About this task => An exact, complete copy of the data that follows is needed.

[Data section — start]

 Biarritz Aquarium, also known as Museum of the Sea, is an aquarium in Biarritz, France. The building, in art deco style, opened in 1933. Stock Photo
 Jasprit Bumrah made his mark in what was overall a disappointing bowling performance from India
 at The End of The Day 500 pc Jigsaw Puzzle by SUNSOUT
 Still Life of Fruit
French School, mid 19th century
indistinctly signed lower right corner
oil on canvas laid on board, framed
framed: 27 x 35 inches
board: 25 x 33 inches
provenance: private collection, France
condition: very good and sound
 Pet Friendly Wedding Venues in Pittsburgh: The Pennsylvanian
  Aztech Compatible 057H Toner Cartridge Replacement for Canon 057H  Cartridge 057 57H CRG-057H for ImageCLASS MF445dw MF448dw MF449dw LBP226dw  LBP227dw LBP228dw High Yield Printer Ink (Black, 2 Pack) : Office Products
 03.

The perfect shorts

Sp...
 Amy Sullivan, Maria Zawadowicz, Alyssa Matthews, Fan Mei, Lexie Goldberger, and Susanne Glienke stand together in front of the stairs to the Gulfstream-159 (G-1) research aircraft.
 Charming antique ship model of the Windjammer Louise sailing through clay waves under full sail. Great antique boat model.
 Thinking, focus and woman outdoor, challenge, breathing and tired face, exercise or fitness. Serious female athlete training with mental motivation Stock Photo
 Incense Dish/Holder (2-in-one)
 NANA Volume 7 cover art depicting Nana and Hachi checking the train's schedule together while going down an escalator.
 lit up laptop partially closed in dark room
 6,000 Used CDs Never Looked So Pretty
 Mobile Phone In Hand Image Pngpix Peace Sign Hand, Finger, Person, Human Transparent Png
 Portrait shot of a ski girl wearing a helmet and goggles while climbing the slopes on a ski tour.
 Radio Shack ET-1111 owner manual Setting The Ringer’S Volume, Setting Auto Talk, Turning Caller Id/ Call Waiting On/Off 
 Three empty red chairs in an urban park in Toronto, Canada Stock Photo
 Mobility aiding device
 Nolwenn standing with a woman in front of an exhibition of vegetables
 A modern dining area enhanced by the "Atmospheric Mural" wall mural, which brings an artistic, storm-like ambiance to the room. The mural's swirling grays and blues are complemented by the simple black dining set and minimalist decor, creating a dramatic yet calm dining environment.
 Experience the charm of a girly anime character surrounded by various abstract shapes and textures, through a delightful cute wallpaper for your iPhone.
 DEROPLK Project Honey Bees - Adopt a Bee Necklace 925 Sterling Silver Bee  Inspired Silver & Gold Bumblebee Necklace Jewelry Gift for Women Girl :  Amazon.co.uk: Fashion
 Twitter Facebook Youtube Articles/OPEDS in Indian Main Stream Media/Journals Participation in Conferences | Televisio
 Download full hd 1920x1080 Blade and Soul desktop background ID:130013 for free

[Data section — finish]

Answer box =>
 Biarritz Aquarium, also known as Museum of the Sea, is an aquarium in Biarritz, France. The building, in art deco style, opened in 1933. Stock Photo
 Jasprit Bumrah made his mark in what was overall a disappointing bowling performance from India
 at The End of The Day 500 pc Jigsaw Puzzle by SUNSOUT
 Still Life of Fruit
French School, mid 19th century
indistinctly signed lower right corner
oil on canvas laid on board, framed
framed: 27 x 35 inches
board: 25 x 33 inches
provenance: private collection, France
condition: very good and sound
 Pet Friendly Wedding Venues in Pittsburgh: The Pennsylvanian
  Aztech Compatible 057H Toner Cartridge Replacement for Canon 057H  Cartridge 057 57H CRG-057H for ImageCLASS MF445dw MF448dw MF449dw LBP226dw  LBP227dw LBP228dw High Yield Printer Ink (Black, 2 Pack) : Office Products
 03.

The perfect shorts

Sp...
 Amy Sullivan, Maria Zawadowicz, Alyssa Matthews, Fan Mei, Lexie Goldberger, and Susanne Glienke stand together in front of the stairs to the Gulfstream-159 (G-1) research aircraft.
 Charming antique ship model of the Windjammer Louise sailing through clay waves under full sail. Great antique boat model.
 Thinking, focus and woman outdoor, challenge, breathing and tired face, exercise or fitness. Serious female athlete training with mental motivation Stock Photo
 Incense Dish/Holder (2-in-one)
 NANA Volume 7 cover art depicting Nana and Hachi checking the train's schedule together while going down an escalator.
 lit up laptop partially closed in dark room
 6,000 Used CDs Never Looked So Pretty
 Mobile Phone In Hand Image Pngpix Peace Sign Hand, Finger, Person, Human Transparent Png
 Portrait shot of a ski girl wearing a helmet and goggles while climbing the slopes on a ski tour.
 Radio Shack ET-1111 owner manual Setting The Ringer’S Volume, Setting Auto Talk, Turning Caller Id/ Call Waiting On/Off 
 Three empty red chairs in an urban park in Toronto, Canada Stock Photo
 Mobility aiding device
 Nolwenn standing with a woman in front of an exhibition of vegetables
 A modern dining area enhanced by the "Atmospheric Mural" wall mural, which brings an artistic, storm-like ambiance to the room. The mural's swirling grays and blues are complemented by the simple black dining set and minimalist decor, creating a dramatic yet calm dining environment.
 Experience the charm of a girly anime character surrounded by various abstract shapes and textures, through a delightful cute wallpaper for your iPhone.
 DEROPLK Project Honey Bees - Adopt a Bee Necklace 925 Sterling Silver Bee  Inspired Silver & Gold Bumblebee Necklace Jewelry Gift for Women Girl :  Amazon.co.uk: Fashion
 Twitter Facebook Youtube Articles/OPEDS in Indian Main Stream Media/Journals Participation in Conferences | Televisio
 Download full hd 1920x1080 Blade and Soul desktop background ID:130013 for free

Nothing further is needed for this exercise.